中から現れたものを見て、アシュリーの吊り気味の目がまん丸に見開かれた。

勝利を確信してランドルフの口の端が吊り上がる。

それは色とりどりのフルーツが盛られたクリームたっぷりのタルトだった。

アシュリーの目がキラキラと輝いている。

「……これも食事に含まれますわよね?」

慎重に尋ねられて、ランドルフの笑みが深くなる。

「いいや、これは食事ではなく、デザートだ」

ゆっくりハッキリ子供に言い聞かせるように発音する。

アシュリーの顔が絶望に染まる瞬間は、なかなか見ものだった。

「さあ、これを食べたければ秘密を話せ」

悪魔のようだと評された笑みを浮かべて詰め寄る。

「卑怯ですわ!」

アシュリーは涙目で抗議してきたが、それは怯えではなく怒りらしい。
どうやら本気で憤慨しているらしい。

そこまでか? とは思いつつも、この拷問が効果的だったことにランドルフは満足する。

「ふふん、どうする? 屈するならば最高級の紅茶もくれてやる」
「ズル! ズルいですわこの人非人! 恥を知りなさい!」

王女らしからぬ悔しがり方に、陥落はすぐだろうと確信してランドルフはソファにふんぞり返る。

ふと妙な気配を感じてジゼルの方を見ると、彼女はこちらに背を向け肩を震わせていた。
どうやら笑いを堪えているらしい。

数度に渡る拷問にもはや慣れつつあったが、やはり傍から見るとおかしな光景なのだろう。
ノリノリでアシュリーを煽ったのが少し恥ずかしくなってくる。

「おい、さっさと話せ。

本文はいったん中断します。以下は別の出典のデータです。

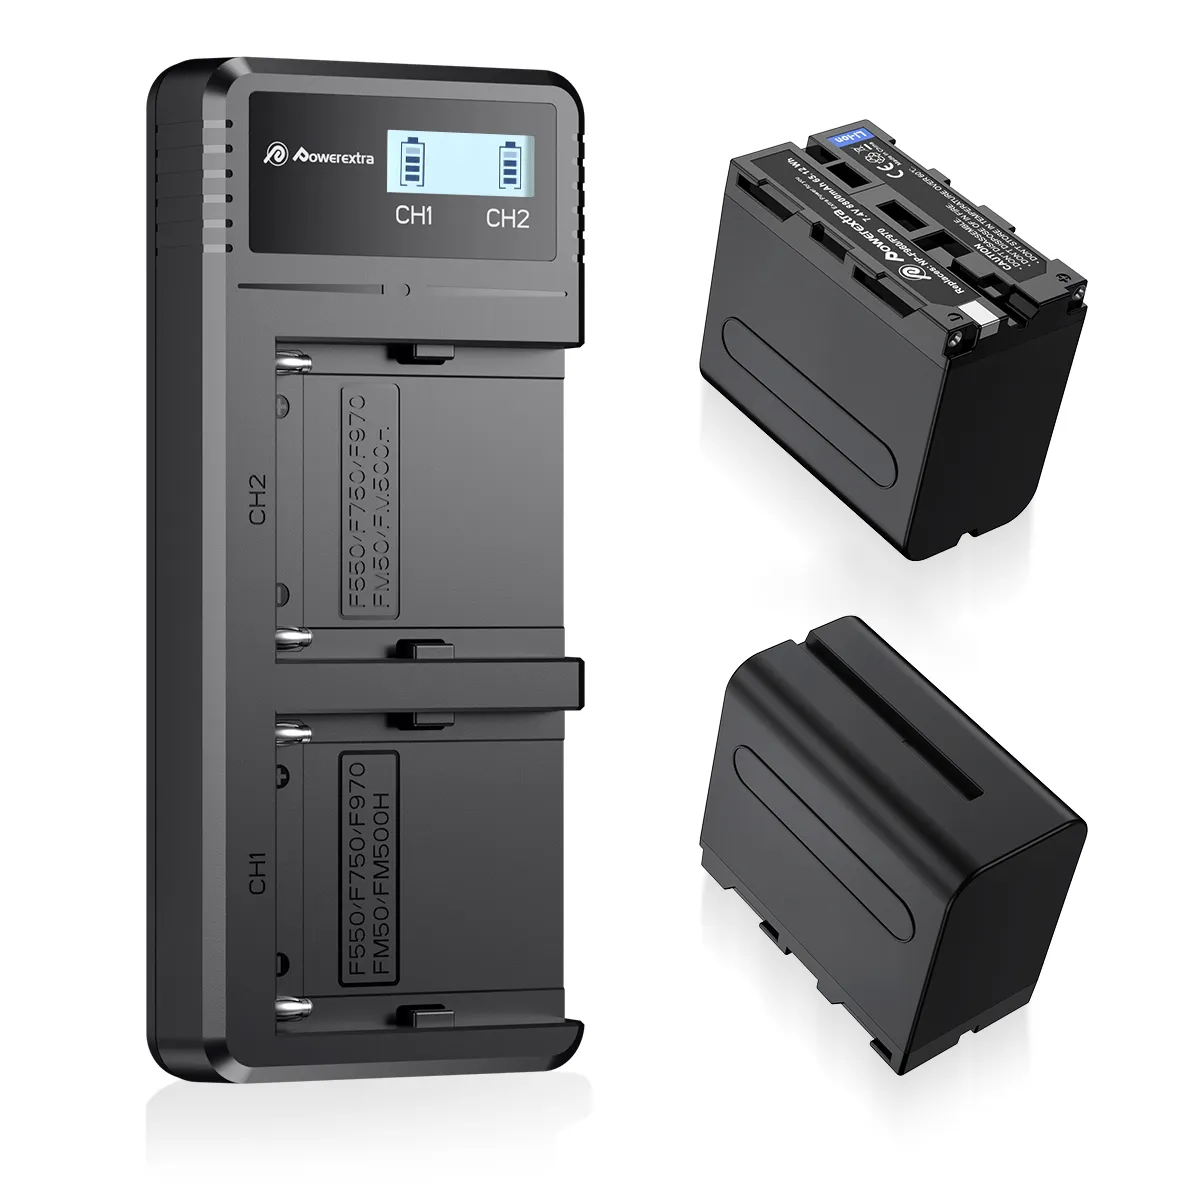 Li-ion Rechargeable 7.4V 8800mAh Digital Batteries Charger For Sony NP-F550 570 750 770 970 960 975
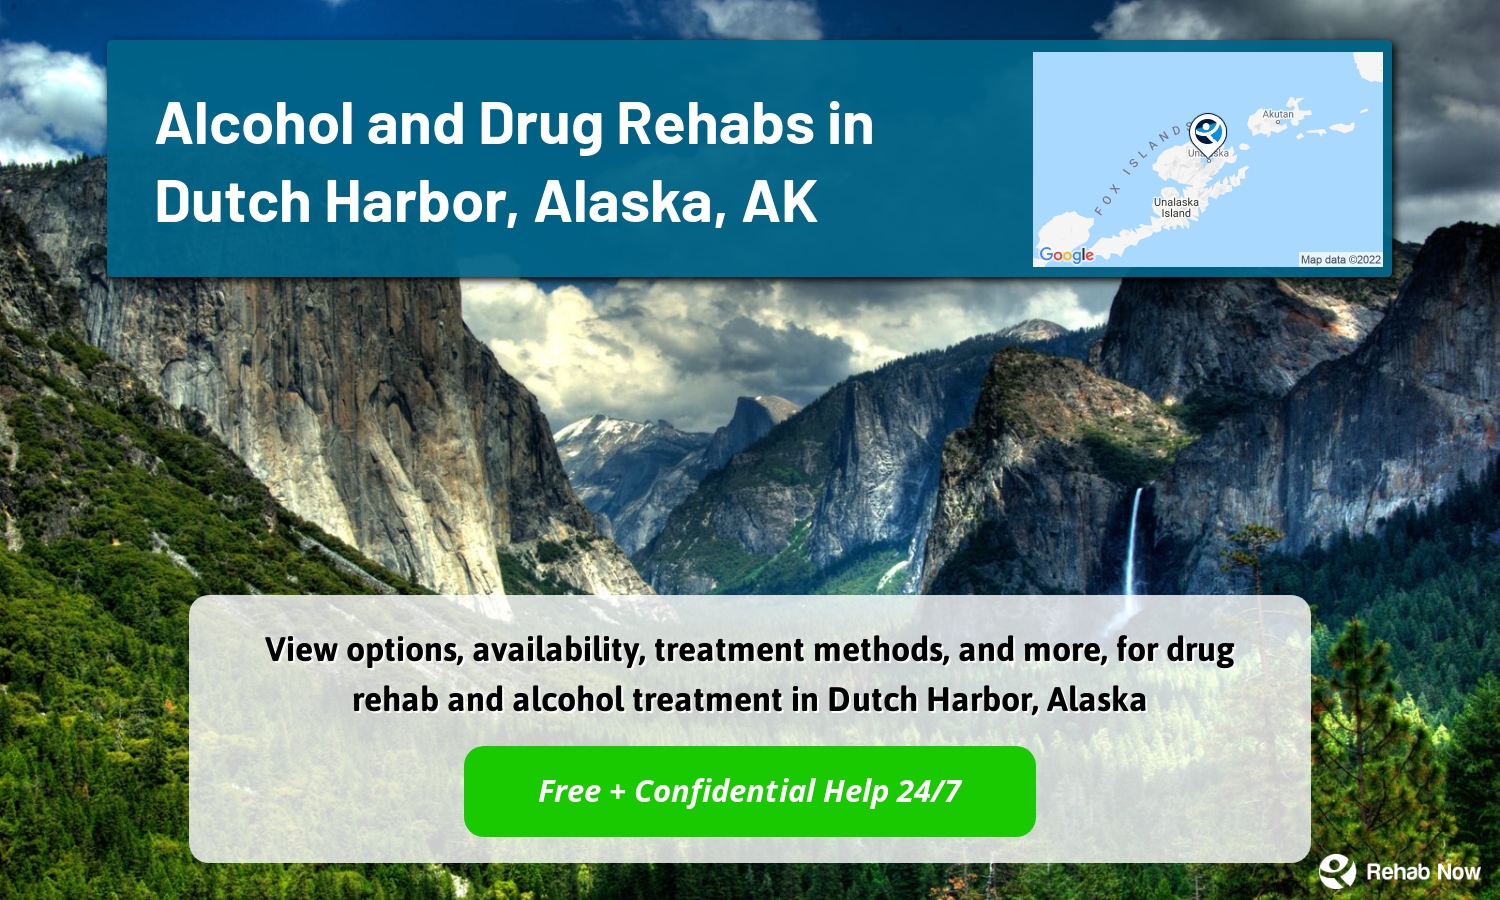 View options, availability, treatment methods, and more, for drug rehab and alcohol treatment in Dutch Harbor, Alaska
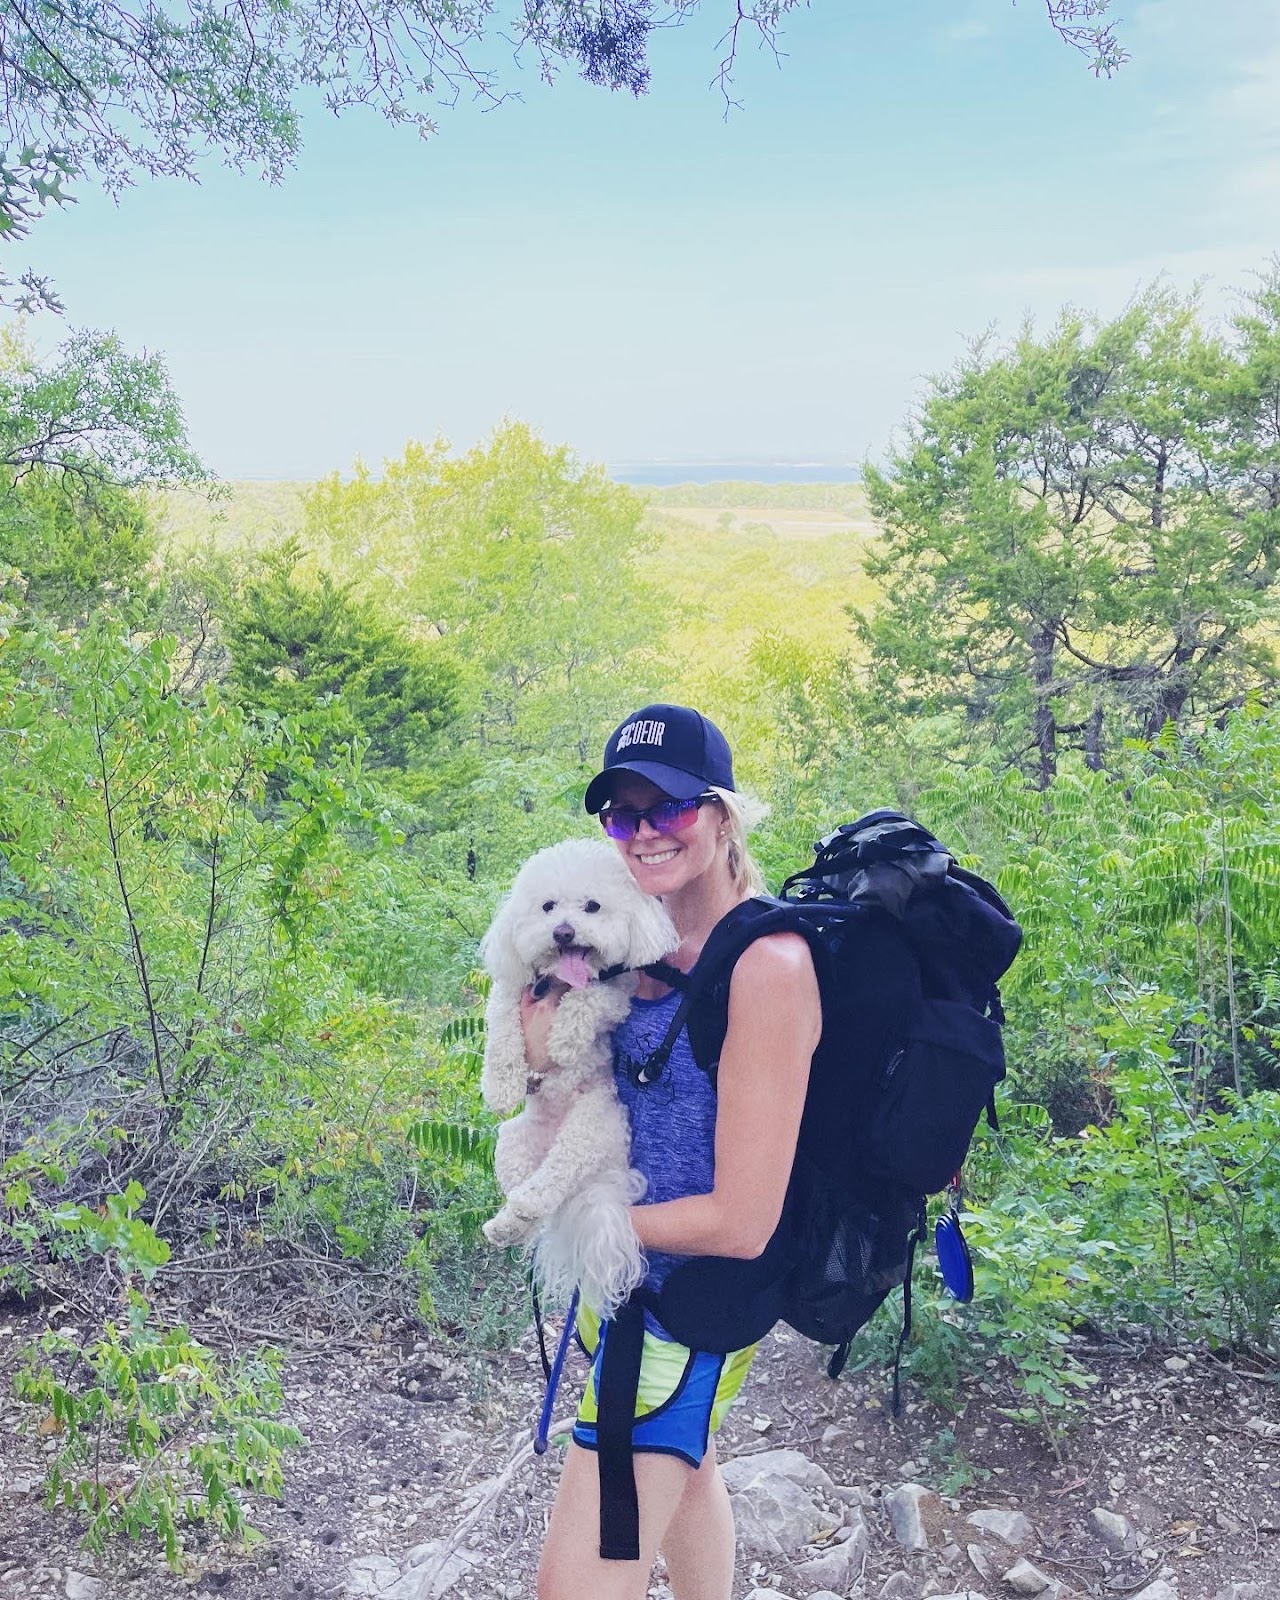 walking in nature - hiking with pets
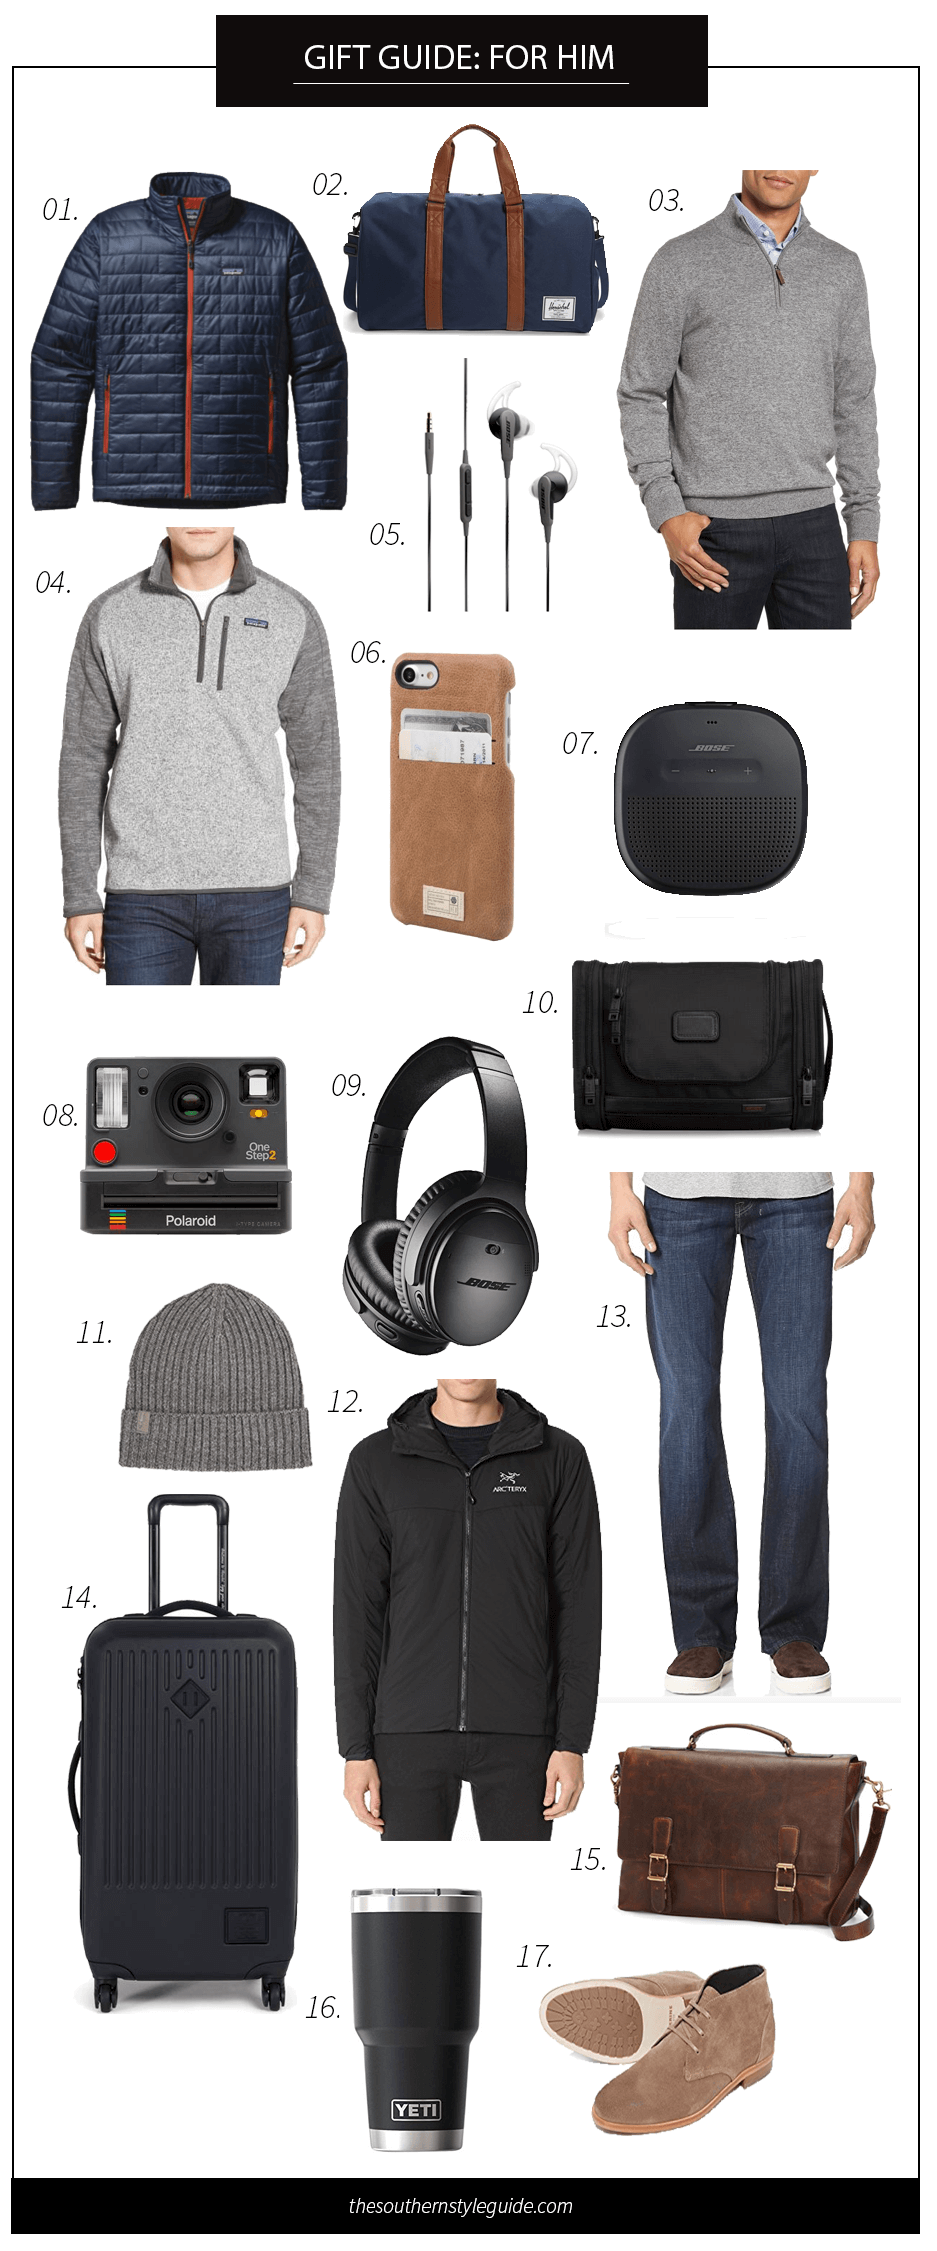 Gift Guide, For Him, Men, Christmas, Holiday
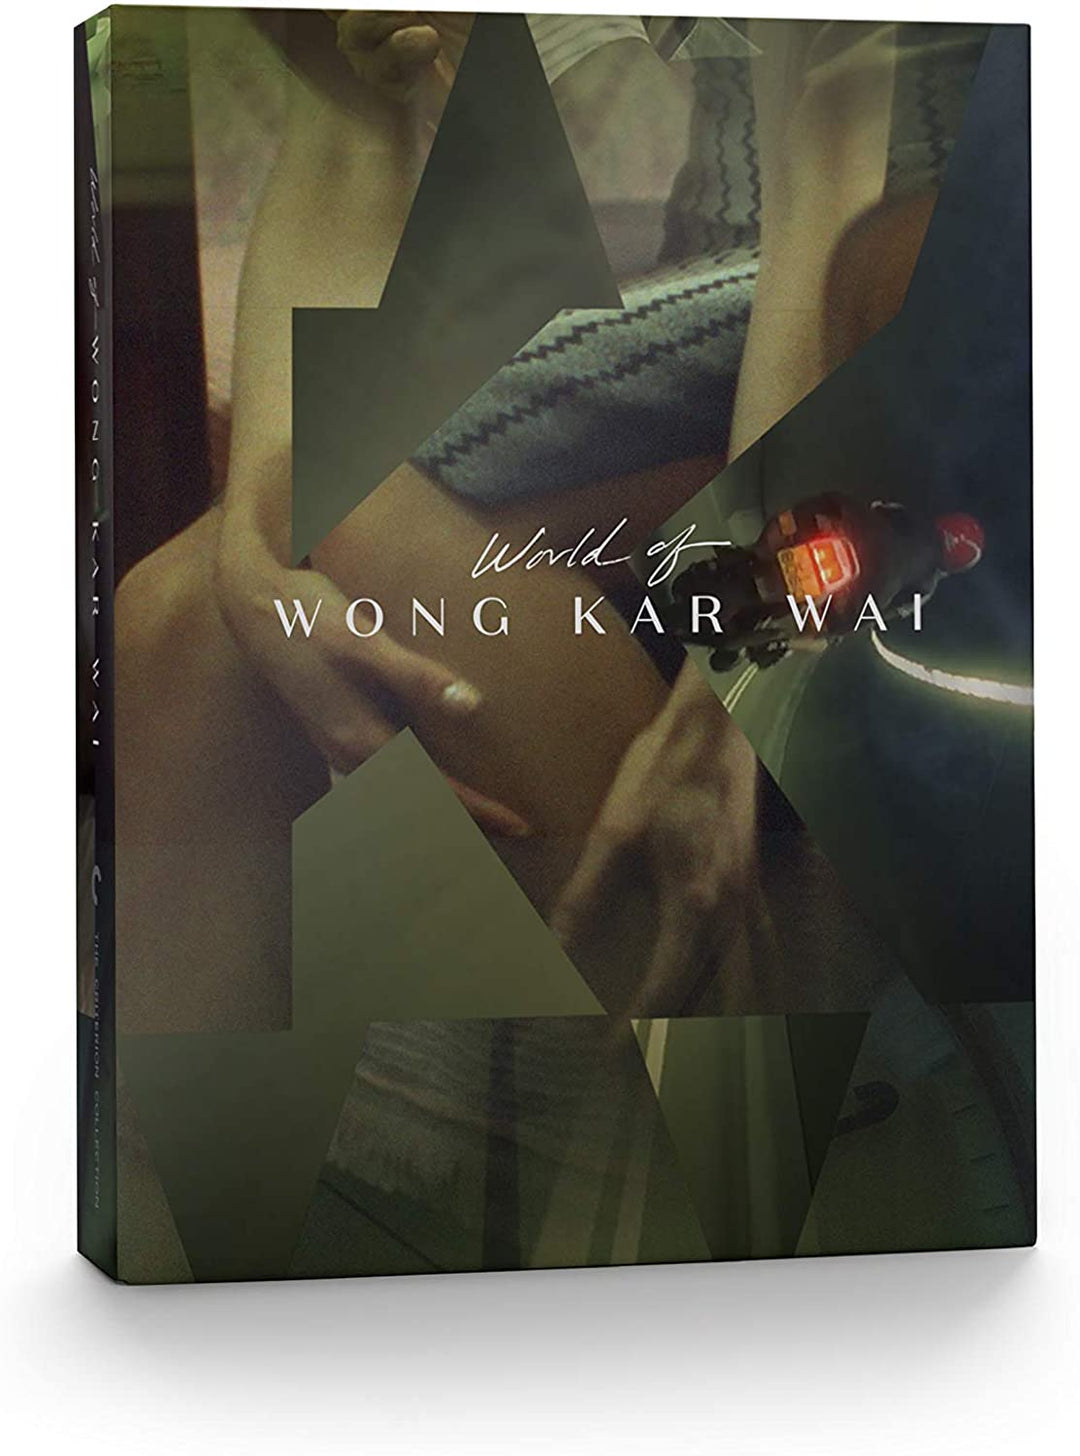 World Of Wong Kar Wai (Criterion Collection) UK Only (7 Films - As Tears Go By/ Days Of Being Wild/ Chungking Express/ Fallen Angels/ Happy Together/ In The Mood For Love [Blu-ray]

どうせ欲望に抗えんのだろう」
「くっ……こんな手に屈服させられるなんて……!」

急かすランドルフに大仰なほどのセリフを吐いて、アシュリーはタルトに添えられたフォークを握り締めた。

すかさずジゼルが最高級茶葉の紅茶を淹れてアシュリーの前に置く。
笑いは無事おさまったらしい。
よくできたメイドだ。

アシュリーは幸せそうにタルトを平らげたあと、秘密を白状した。
そのあまりの喜びようと、やはり釣り合わぬ秘密の大きさに、なんとなく後ろめたさを感じたランドルフはそれ以降、食後には毎回ちょっとしたデザートをつけてやるように厨房メイドに命じた。

ちなみにアシュリーは後日「おやつ」でも秘密を白状した。

どうやら王女のくせに、相当食い意地が張っているらしいことだけは確かだった。